Where nitrogen rich ingredients are usually moist and green, such as grass clippings, vegetable waste and plant prunings, carbon rich ingredients are usually dry and often brown in colour, such as hay, straw, paper, cardboard and dry leaves.
The closer your carbon to nitrogen ratio is to 30:1, the faster and more productive the beneficial bacteria will be at creating a superior compost, so don’t be afraid to load up your bin with a bunch of leaves. Just make sure your leaves are chopped and stay moist, the bacteria will do the rest.
Make Leaf Mold
If your plants are mulched and compost full, a third option is to create leaf mold to be used in the spring. Leaf mold is another nutrient rich organic matter similar to compost, however it is the result of letting leaves sit to decompose over time. Leaf mold is what coats our forrest floors giving them that sponge like quality when walked on. It is dark brown or black in colour, has a crumbly texture and an earthy aroma similar to compost. Leaf mold can hold 300 to 500 percent of its own weight in water, making it an ideal soil conditioner for creating moist beds needed for sprouting seeds in the spring.

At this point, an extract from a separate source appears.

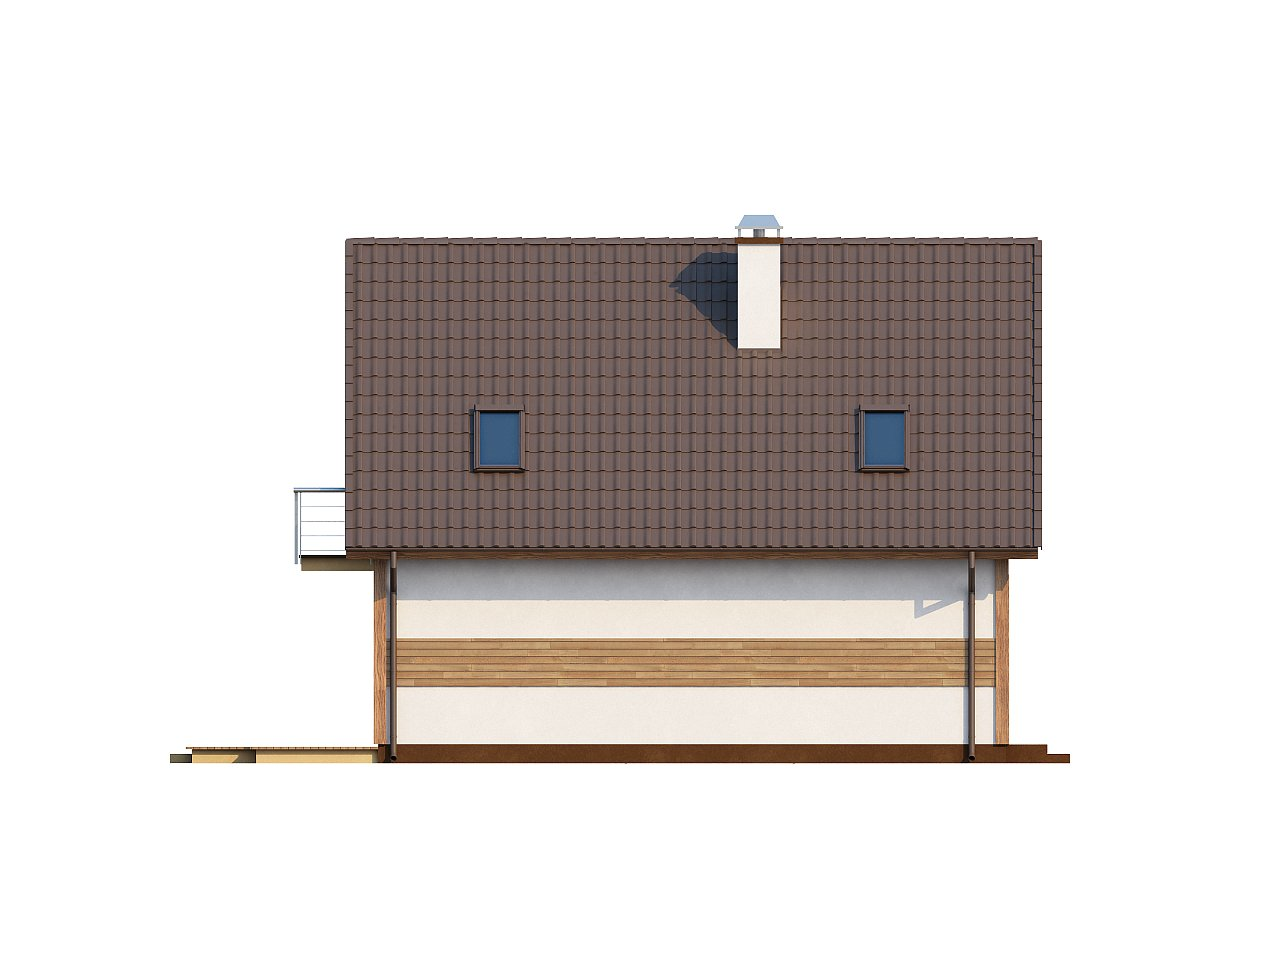 Предложение выгодного и практичного дома, подходящего для удлиненного или, наоборот, неглубокого участка. 5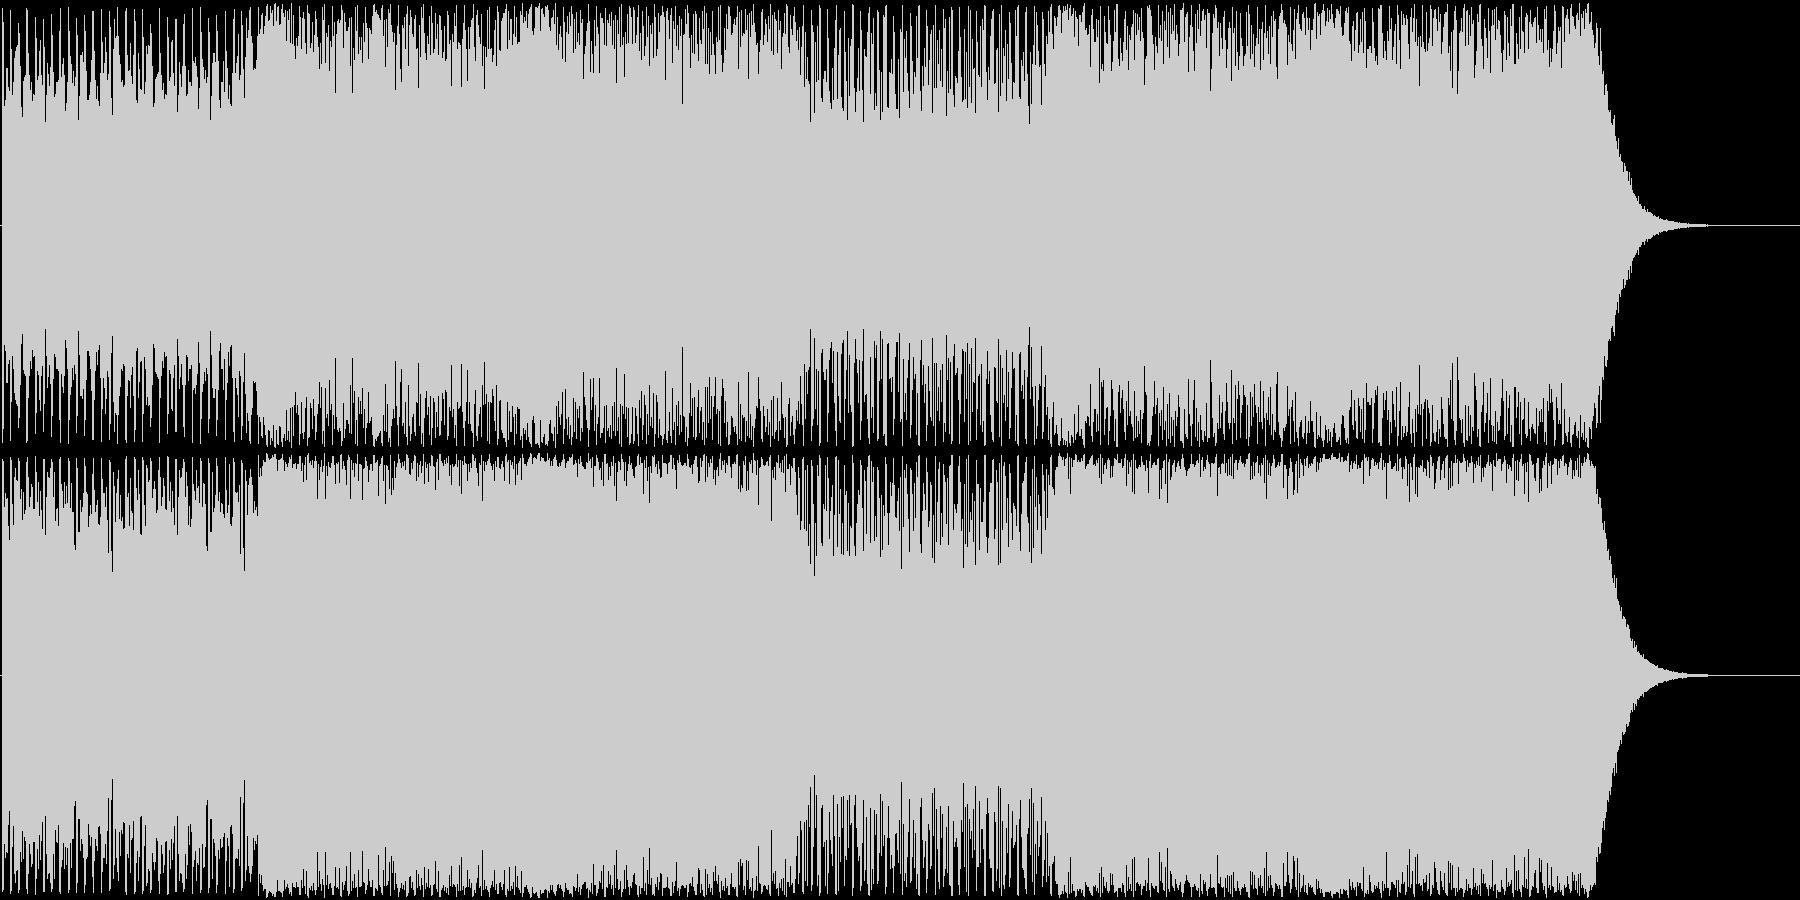 シリアスかつパワフルなEDMの未再生の波形

To create leaf mold, fill large plastic bags with chopped leaves and moisten them before sealing. Be sure to add some holes to the bags for airflow, then let the bags sit. Check the bags every month or two for moisture, adding water when the leaves are dry. To help speed up the process, you can turn the bag over every now and then or give it a good shake. It is also ideal to use black bags and keep the bags in a sunny spot. The warmth and increased air flow will speed up decomposition so your leaf mold is ready to be used in the spring.
Share Your Leaves with Other Gardeners
If you’re not much of a gardener or have more leaves than you need, consider sharing your leaves with others who might not have access to as many trees. You could try posting them online in free cycling groups or local gardening groups. With all the added benefits leaves bring to our yards, it is no wonder there are several gardeners and gardening communities who drive through town each fall, searching for those bags of leaves sitting curb side. They are an valuable free resource, capable of improving the health of our yards.